I'm new with Pytorch and I need a clarification on multiclass classification.
I'm fine-tuning the DenseNet neural network, so it can recognize 3 different classes.
Because it's a multiclass problem, I have to replace the classification layer in this way:
kernelCount = self.densenet121.classifier.in_features
self.densenet121.classifier = nn.Sequential(nn.Linear(kernelCount, 3), nn.Softmax(dim=1))
And use CrossEntropyLoss as the loss function:
loss = torch.nn.CrossEntropyLoss(reduction='mean')
By reading on Pytorch forum, I found that CrossEntropyLoss applys the softmax function on the output of the neural network. Is this true? Should I remove the Softmax activation function from the structure of the network?

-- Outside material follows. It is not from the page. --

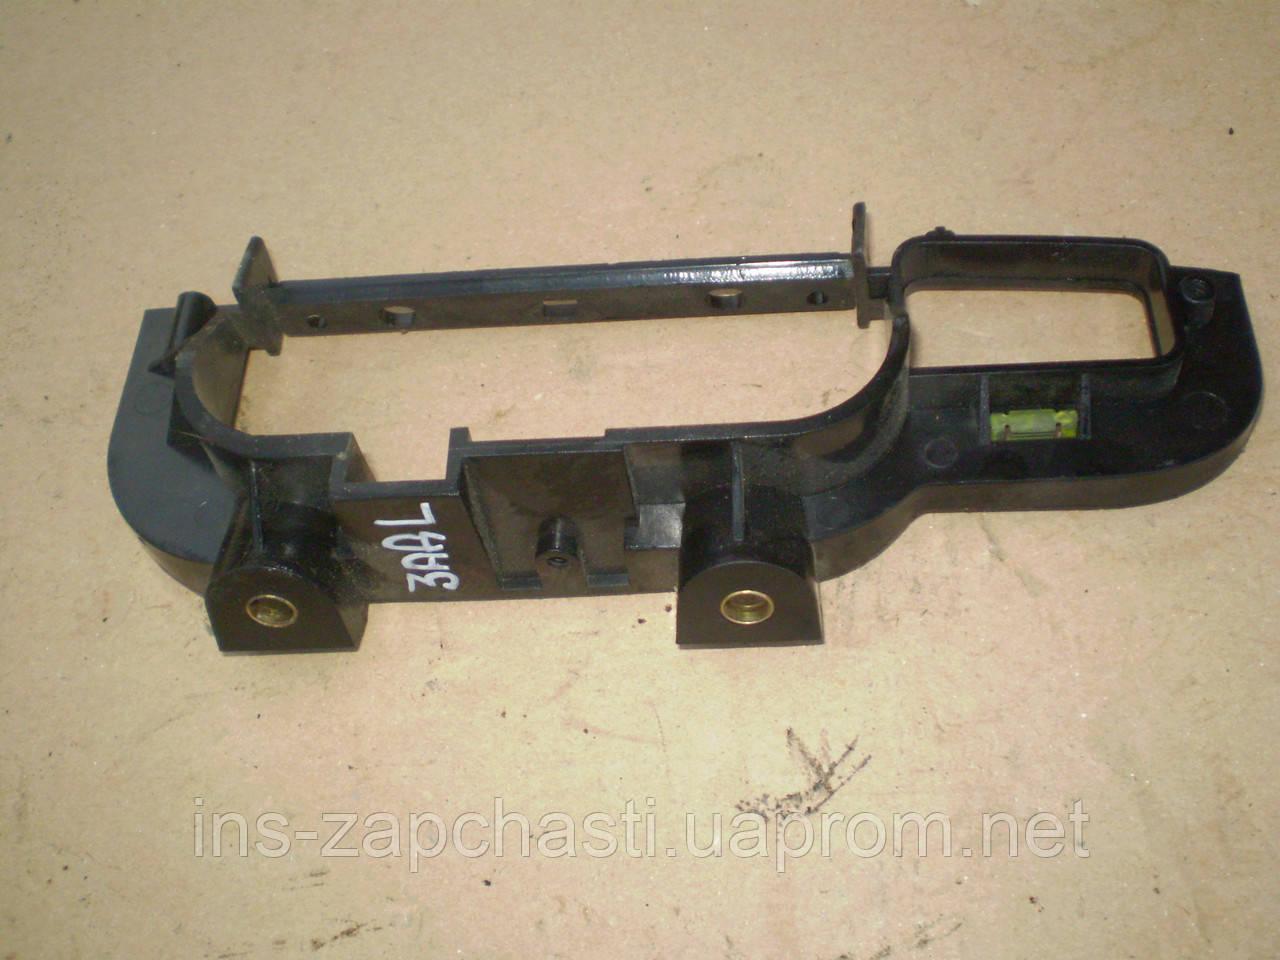 Кронштейн кріплення ручки VAG 7M3 867 179 A Ручка SEAT VOLKSWAGEN FORD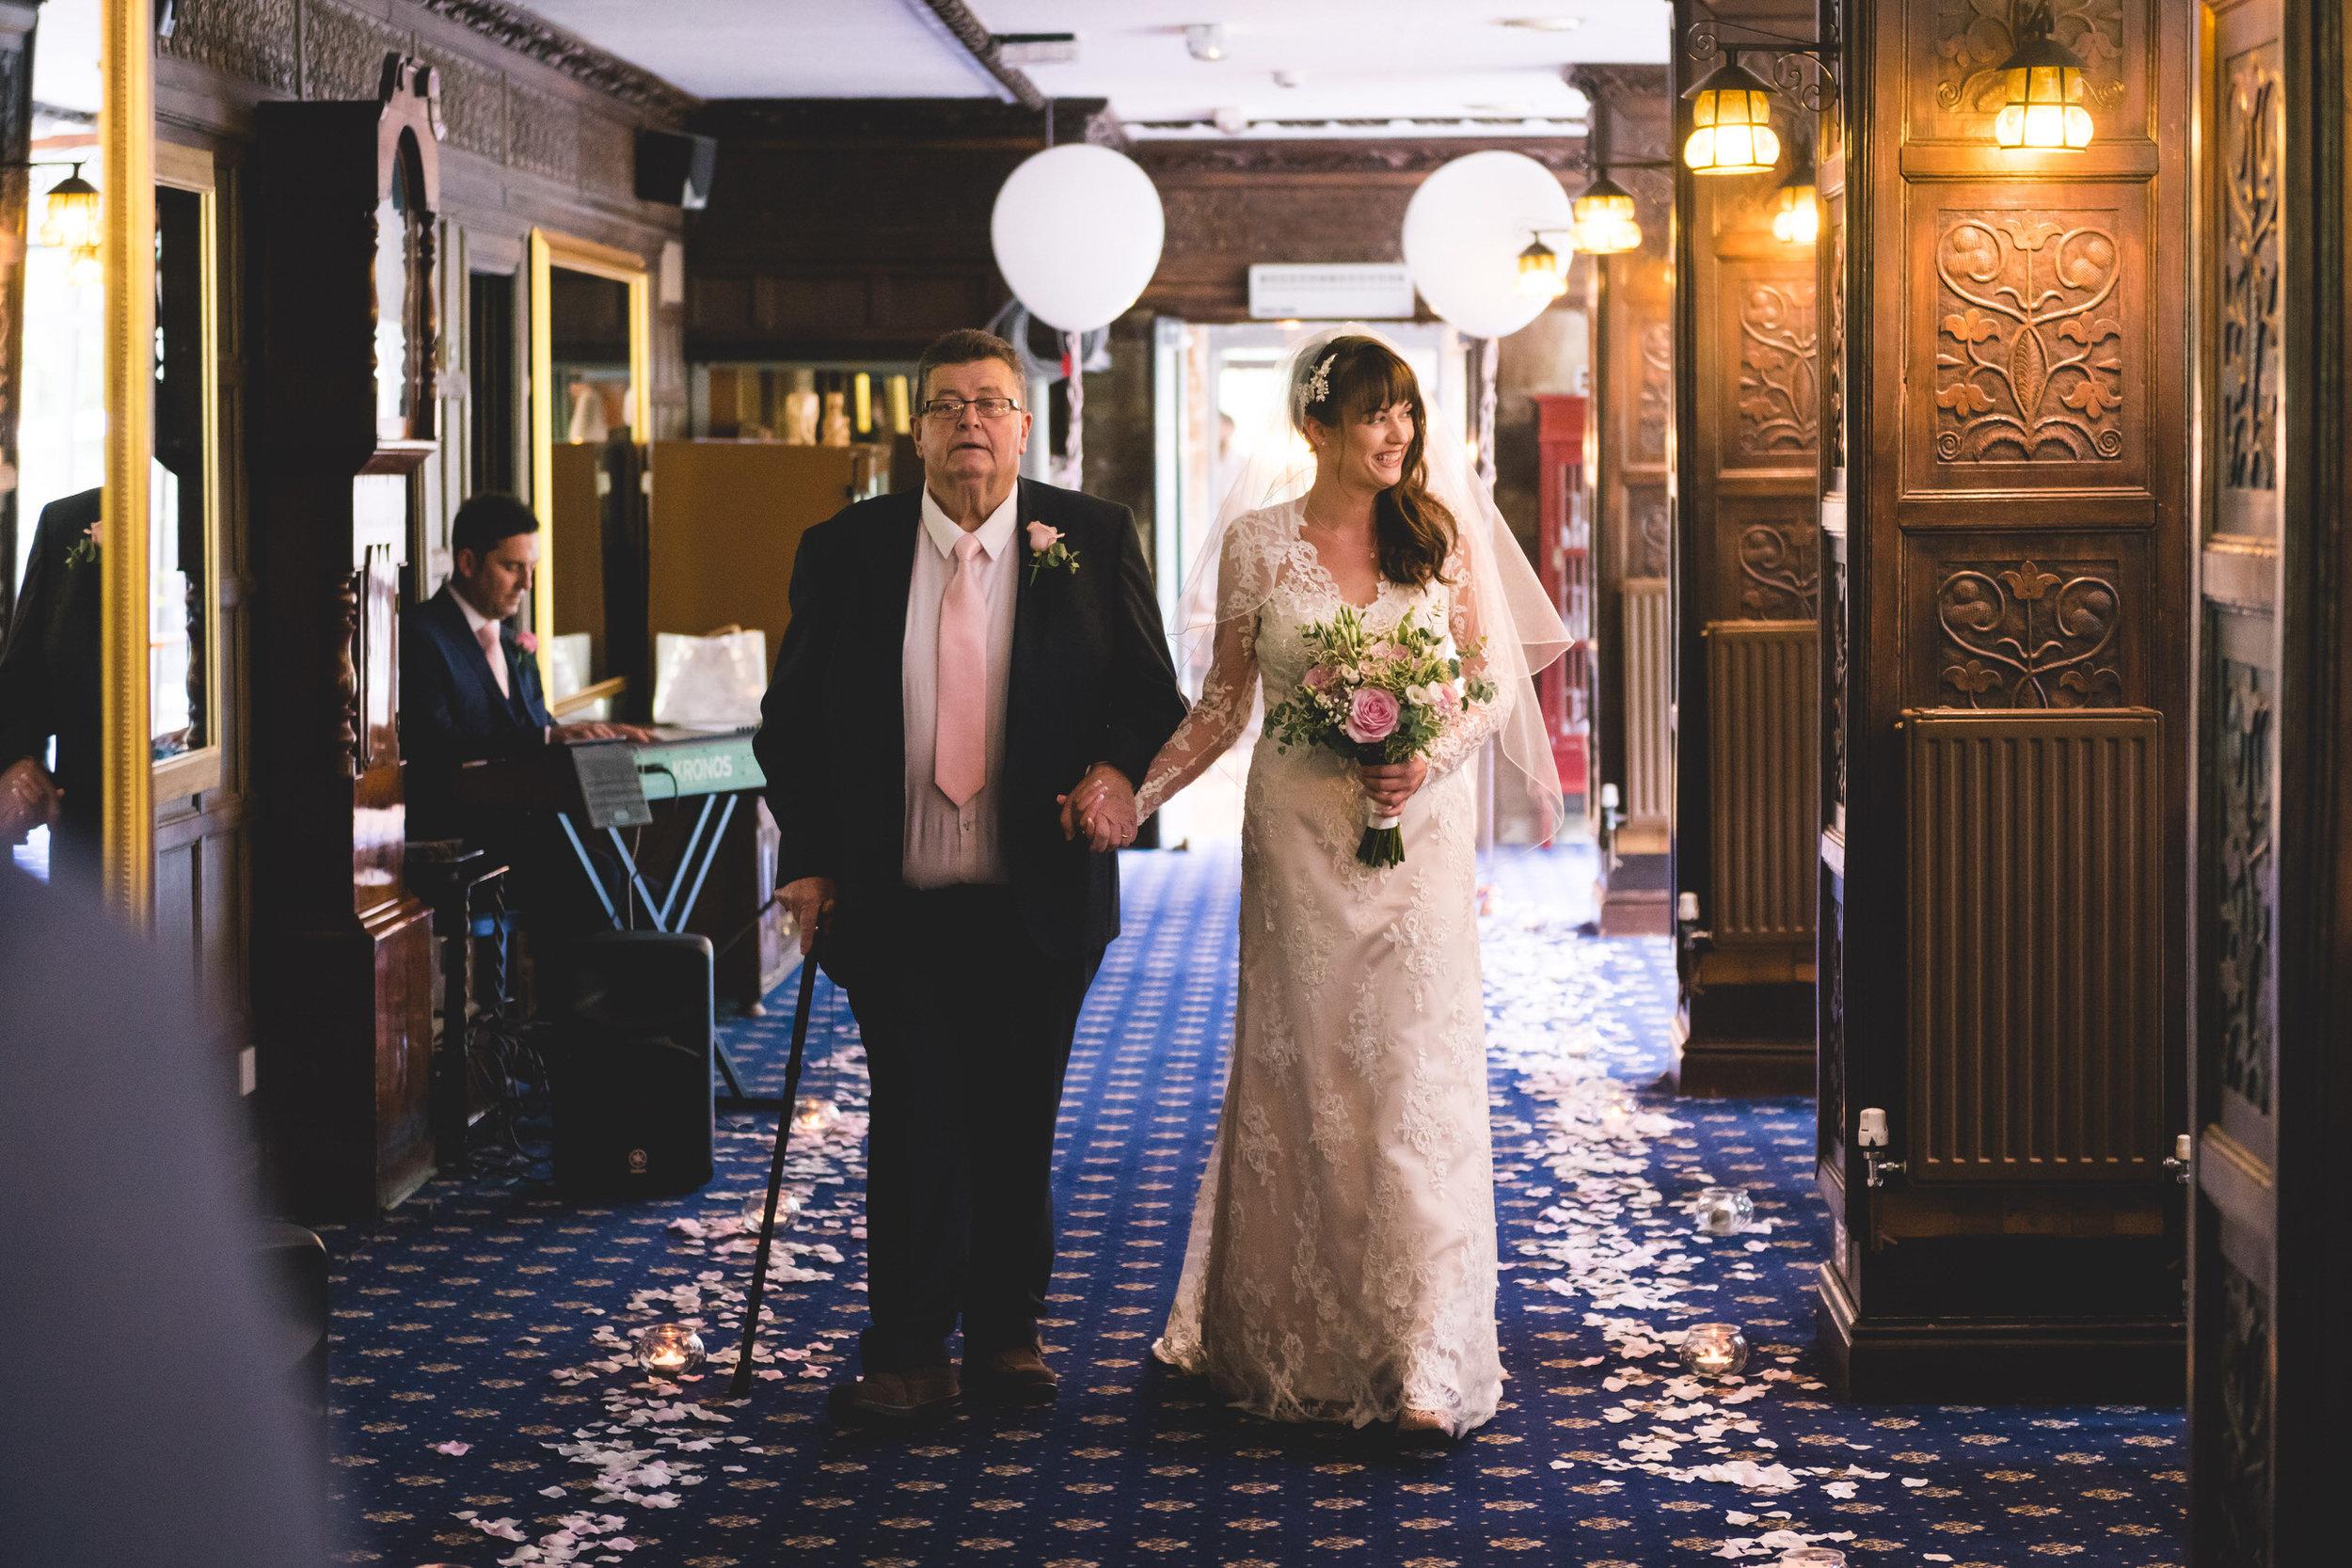 chainbridge-wedding-leeds-wedding-photographer-18.jpg

And what about the test phase? If it's included, I have to call the softmax function on the output of the model?
Thanks in advance for your help.
Yes, CrossEntropyLoss
applies softmax implicitly. You should remove the softmax layer at the end of the network since softmax is not idempotent, therefore applying it twice would be a semantic error.
As far as evaluation/testing goes. Remember that softmax is a monotonically increasing operation (meaning the relative order of outputs doesn't change when you apply it). Therefore the result of argmax before and after softmax will give the same result.
The only time you may want to perform softmax explicitly during evaluation would be if you need the actual confidence value for some reason. If needed you can apply softmax explicitly using torch.softmax
on the network output during evaluation.